Larry Hunt - The Bucketman

Photo: Kevin Hazelton
When I decided to do this project there were a few things that happened that sort of reinforced my notion that this was important enough. One of those I linked in the opening post on the project about Joshua Bell playing in a subway. The movie The Soloist came out. But perhaps the most affirming was the beginning of The Bucketman Campaign. From a blog post (one that gets more hits than I do...), people managed to unite to take care of what I had rightly started to consider a city treasure, our street performers. In this case, the famous Larry Hunt, or as we all know him, Bucketman.

It's easy, once you meet him, to understand why he particularly became beloved. He's just a genuely happy guy to be around. Even when he's scolding his compatriat, a man doing James Brown sing-a-longs complete with mic stand acrobatics who almost hits a passerby with it he's upbeat and likable. He's trying to tell him to conserve his voice because they have a street performer all-star band performance in Union Square later that day.

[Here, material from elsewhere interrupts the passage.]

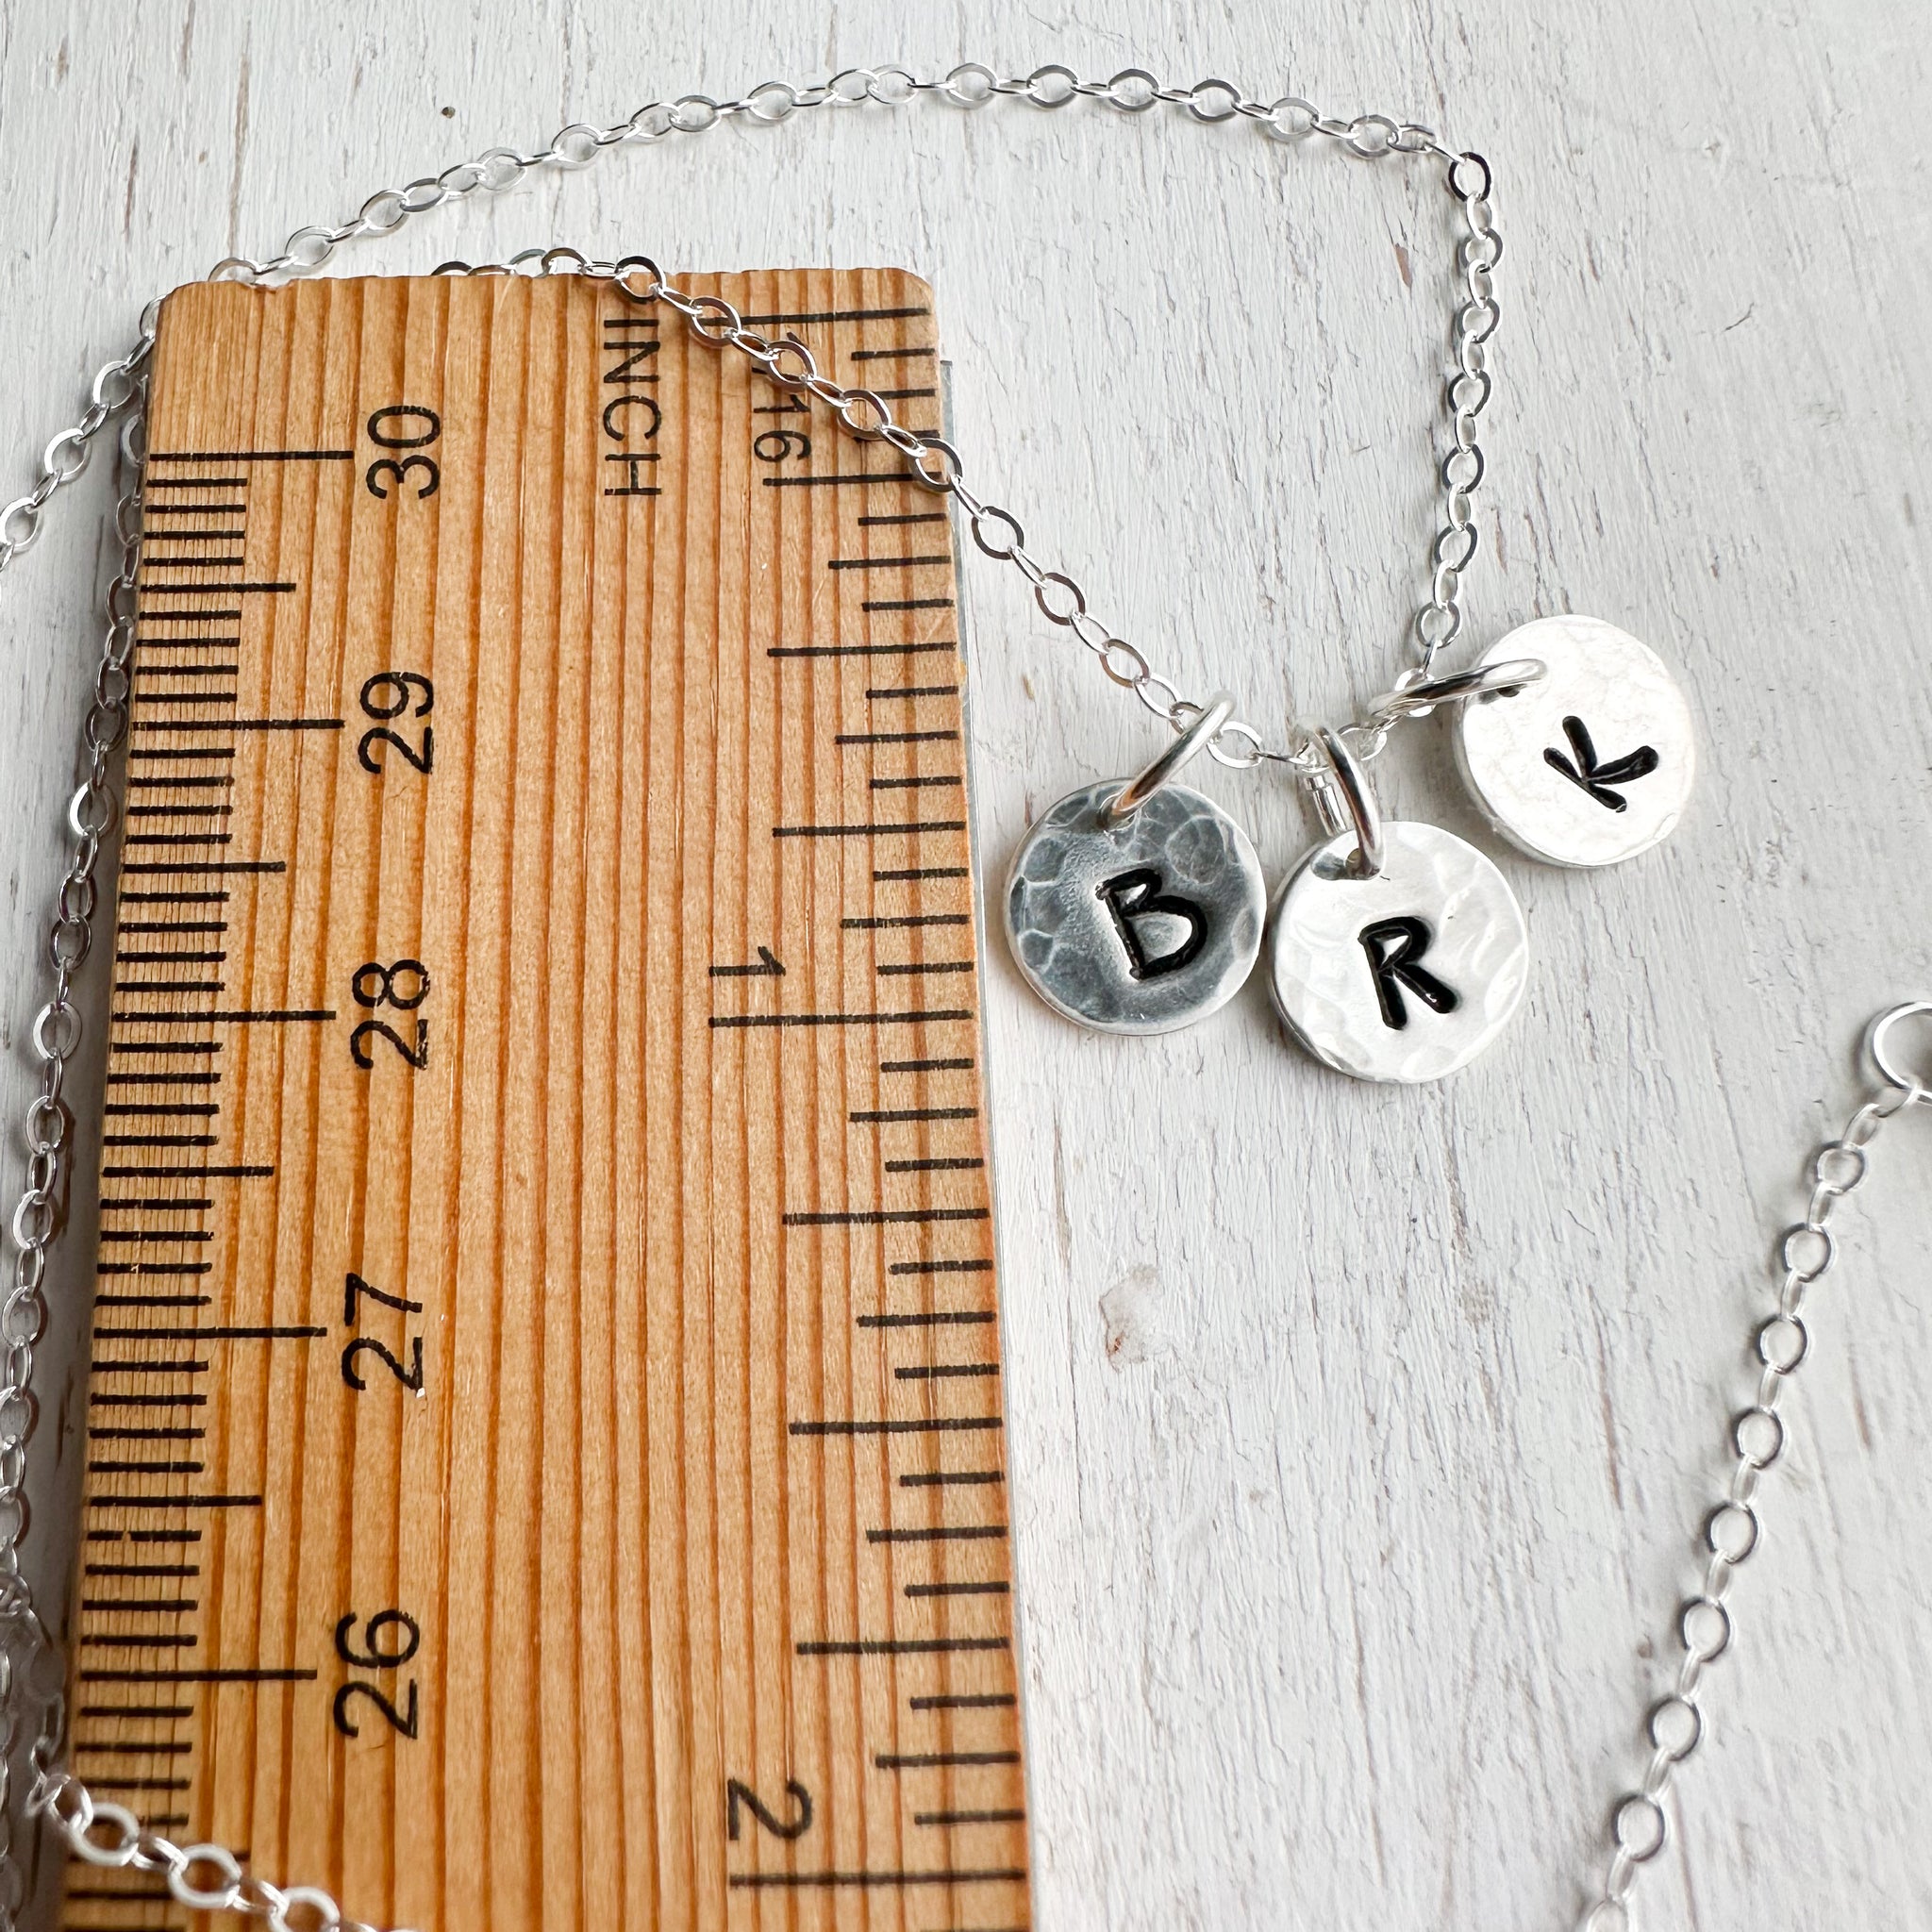 Stamped Sterling Silver Initial Charm Necklace

Oh yeah, he heads an all star street performer band that performs in Union Square. Ideally, I had wanted to cap off this whole thing by filming one of those concerts. Instead, I can only hope they are still going on and encourage anyone who reads this to seek them out.
Photo: Kevin Hazelton

Hunt is also a tireless promoter. Talk to him for a minute you'll get his list of credits, starting with Will Smith's Pursuit of Happyness among other film and television appearances. Honestly, if you're watching a show that takes place in San Francisco you can tell if it's filmed in the city or not by whether or not they include a shot of Mr. Hunt.

His notoriety was such that I was sure he wouldn't need me, but I was wrapping up my first interview with the Supa Lowery Brothers when I turned to see Bucketman politely waiting for me. He quickly shook my hand and introduced himself and asked what I was doing and more importantly that I should do it with him. He gave me the times and places I could find him and any other information he could hurry out and seemed genuinely excited to participate even after I told him I was just some guy and hadn't even started the website yet. None of that mattered, he was anxious to tell me his story as he is anyone else who might ask.
Photo: Kevin Hazelton

A little less of a novelty then Bushman, Bucketman is still an attraction all unto himself. He is kind of an elder statesman of street performers, treating each of them that he encountered (at least three stopped by to see him) with respect and handing out advice when asked. He maintained a schedule that sort of worked like an unofficial version of the Port Authority's that allowed other performers to use his highly valuable space (a drummer had just wrapped up his time in Bucketman's slot, the James Brown singer filled in spots when Mr. Hunt would talk to tourists).

It was my job in San Francisco often to take visiting television crews on site seeing tours to get what they call 'b-roll' of San Francisco and the list was always the same...Coit Tower, Lombard St., Golden Gate Bridge/Fort Point, occasionally the Painted Ladies...etc etc. When you come to San Francisco you'll likely have a similar list. Let me add for you 4th and Market in the mid to late afternoon. Coit Tower is just a tower, Lombard isn't even the most crooked street in the city, the bridge is awesome enough, but it's still a bridge. Bucketman, on the other hand, is a man who enthusiastically plays paint buckets and will actually welcome you to the city. Check him out.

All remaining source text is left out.